START Provided data

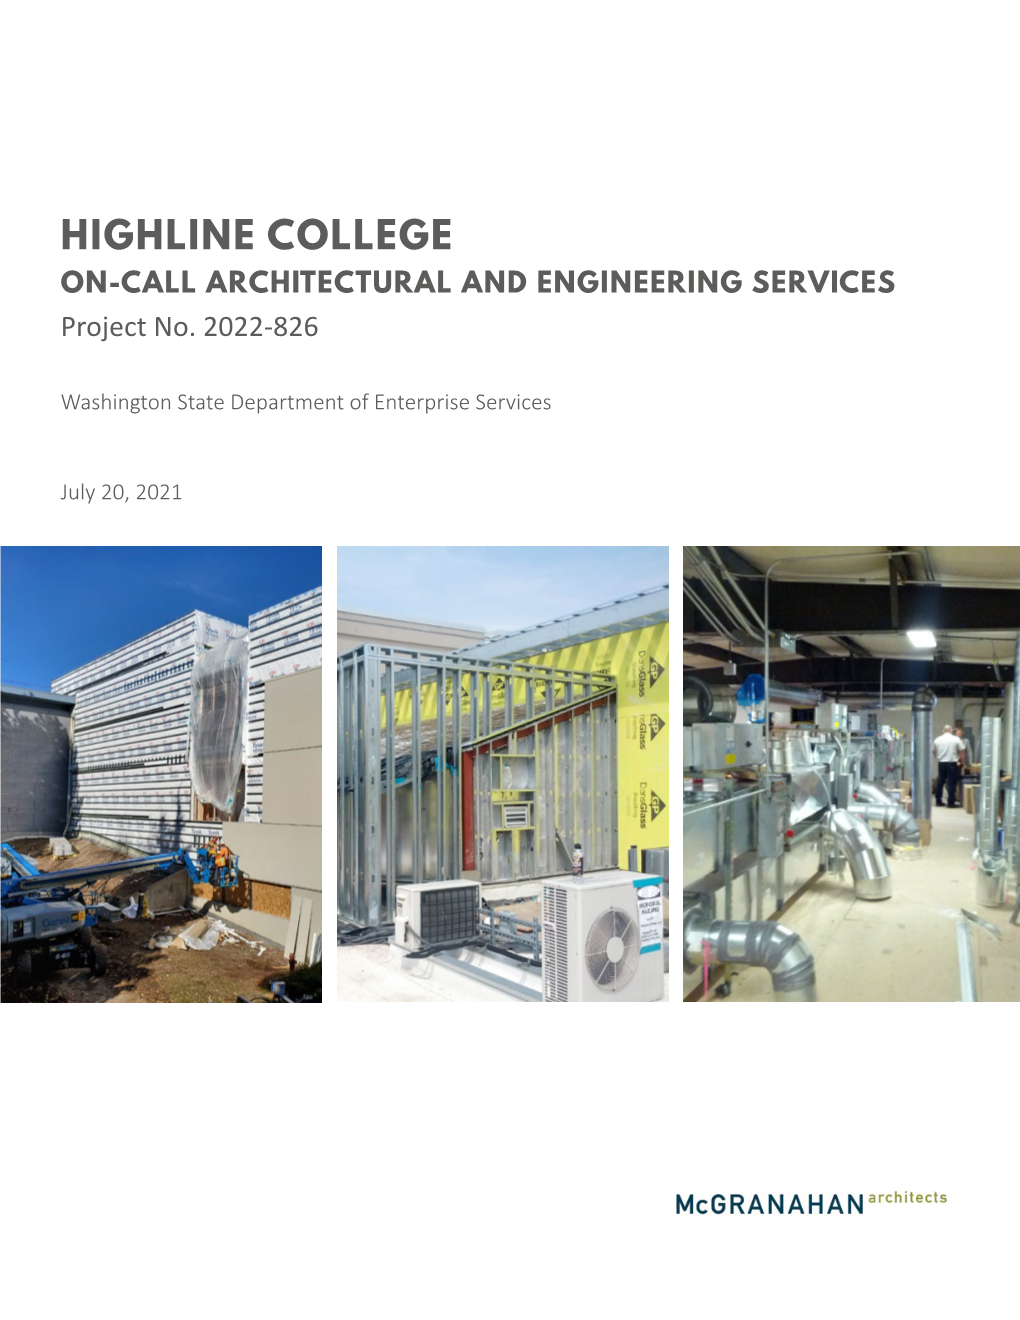 HIGHLINE COLLEGE ON-CALL ARCHITECTURAL and ENGINEERING SERVICES Project No
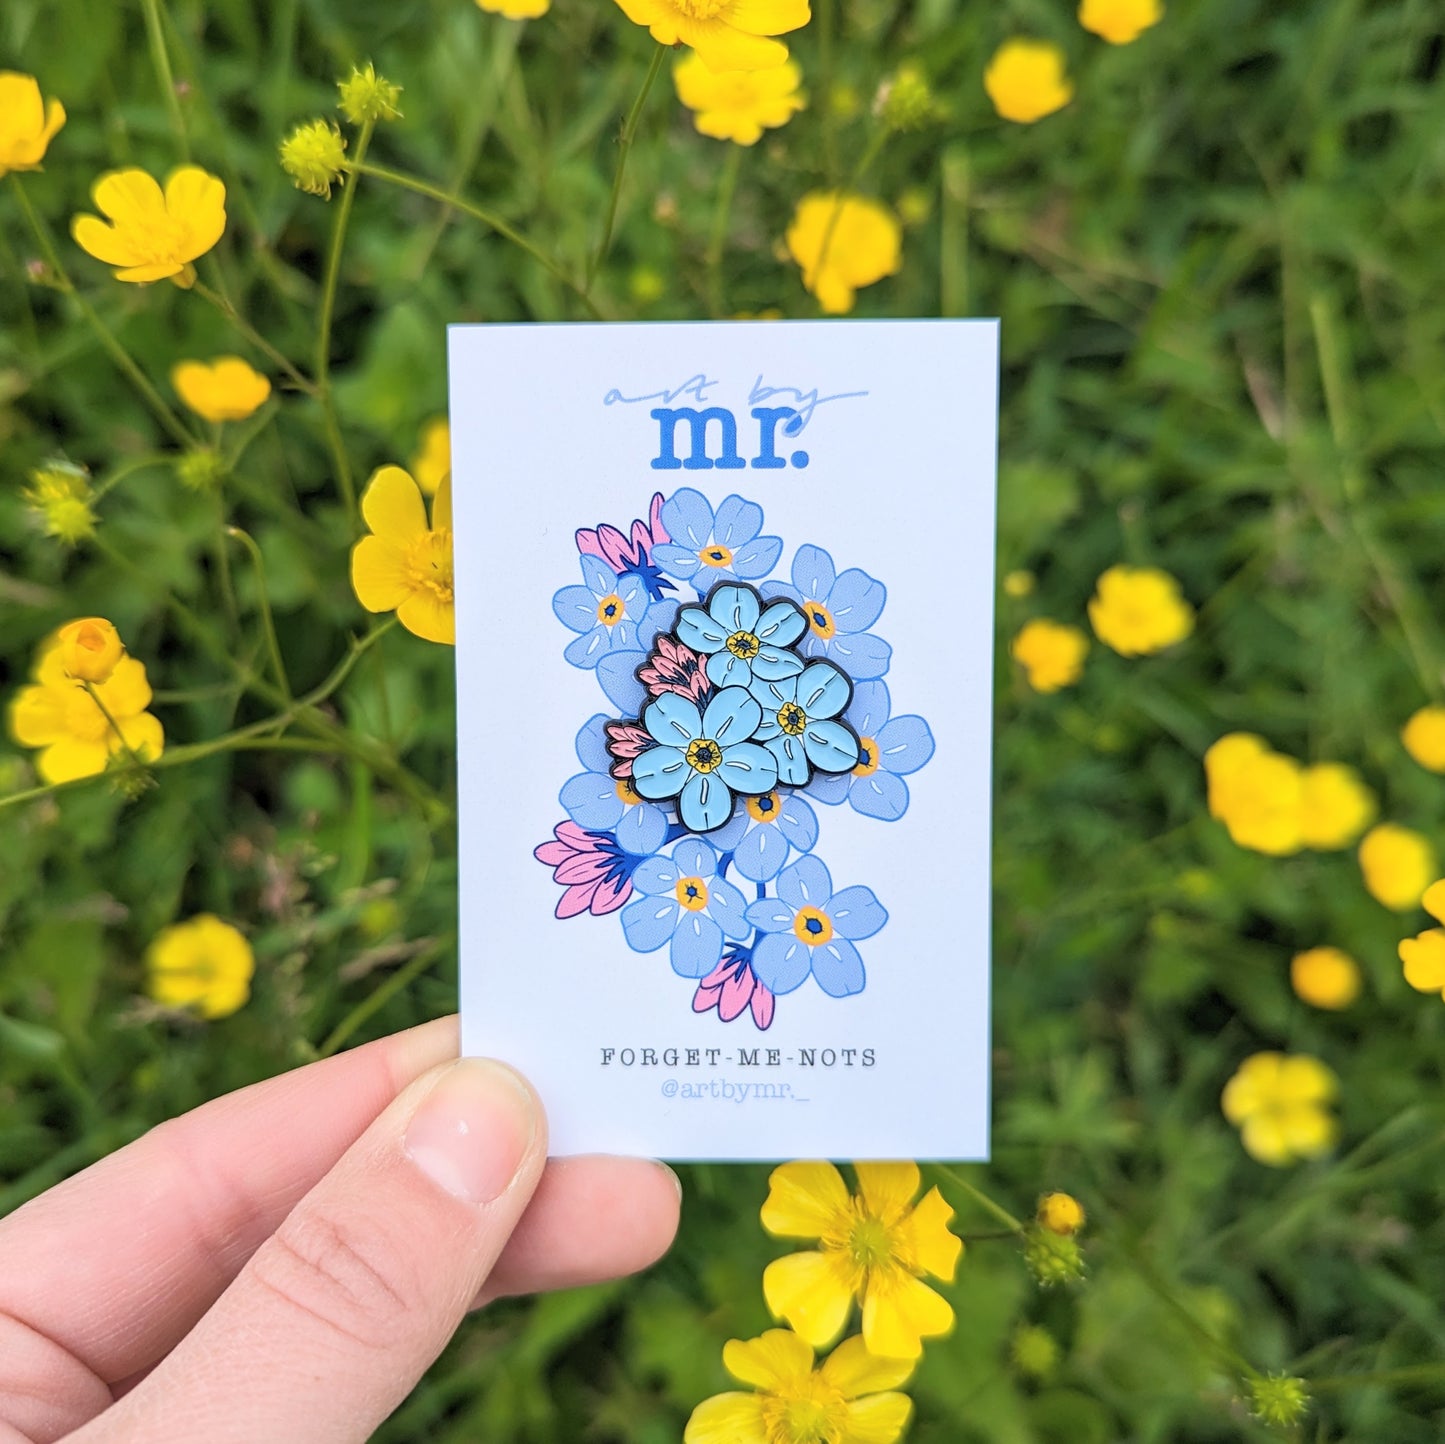 Forget-me-not Pin
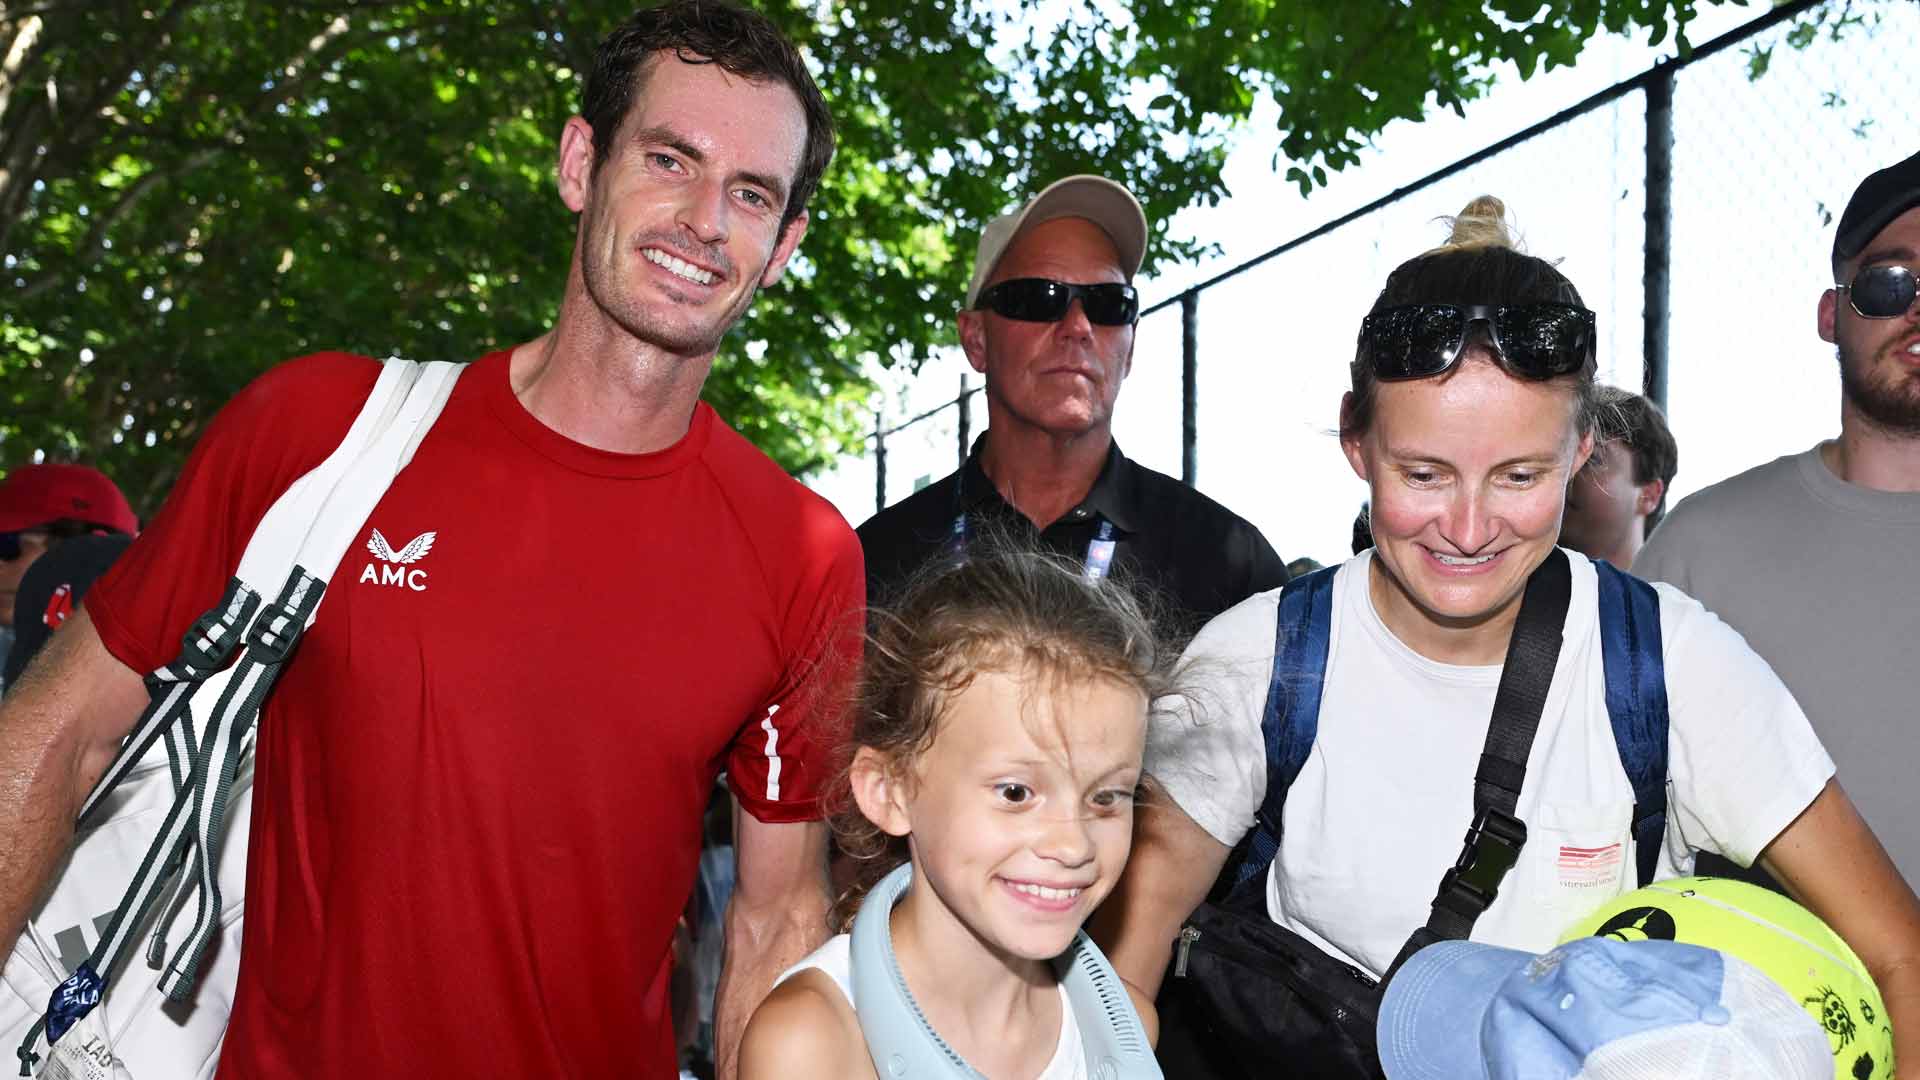 <a href='https://www.atptour.com/en/players/andy-murray/mc10/overview'>Andy Murray</a>
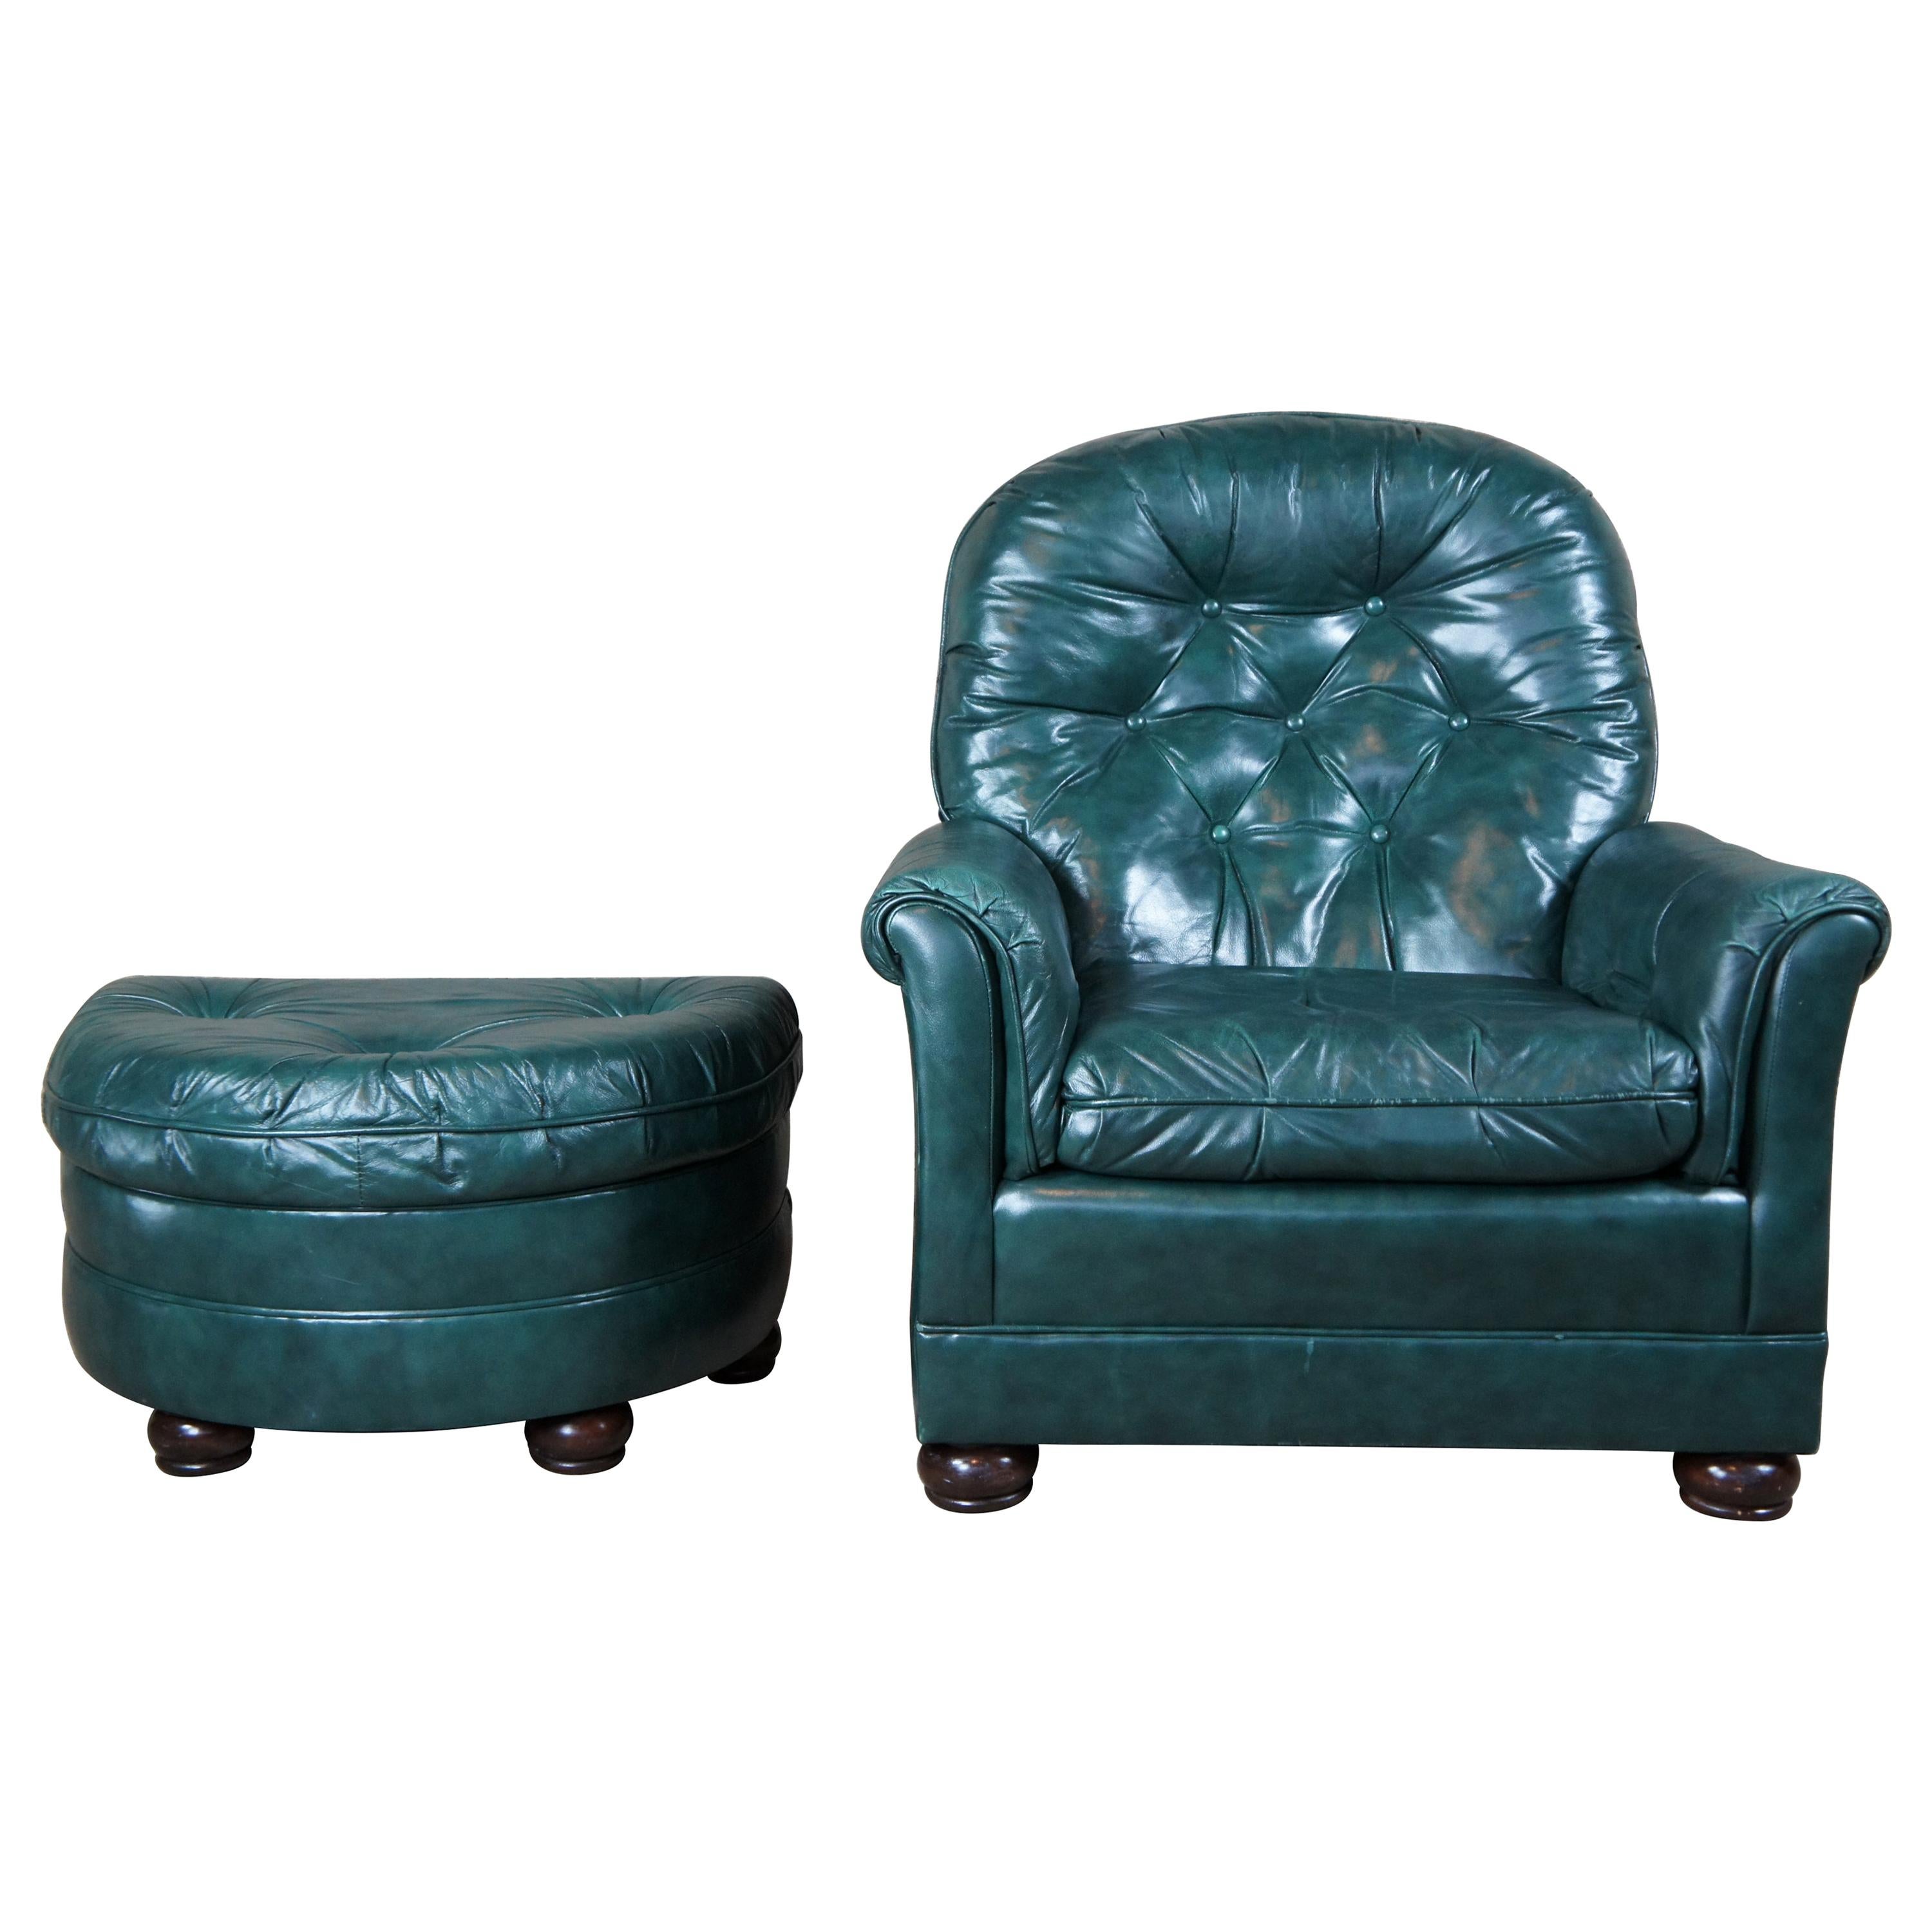 Bradington Young Tufted Green Leather Reclining Rockwell Chair and Ottoman

END Provided data

Leaving out all pictures, retype exactly the lines that run from the one containing "Forget-me-not Pin" through the last line of the material.

### Task answer
 Forget-me-not Pin
 <a href='https://www.atptour.com/en/players/andy-murray/mc10/overview'>Andy Murray</a>
 Bradington Young Tufted Green Leather Reclining Rockwell Chair and Ottoman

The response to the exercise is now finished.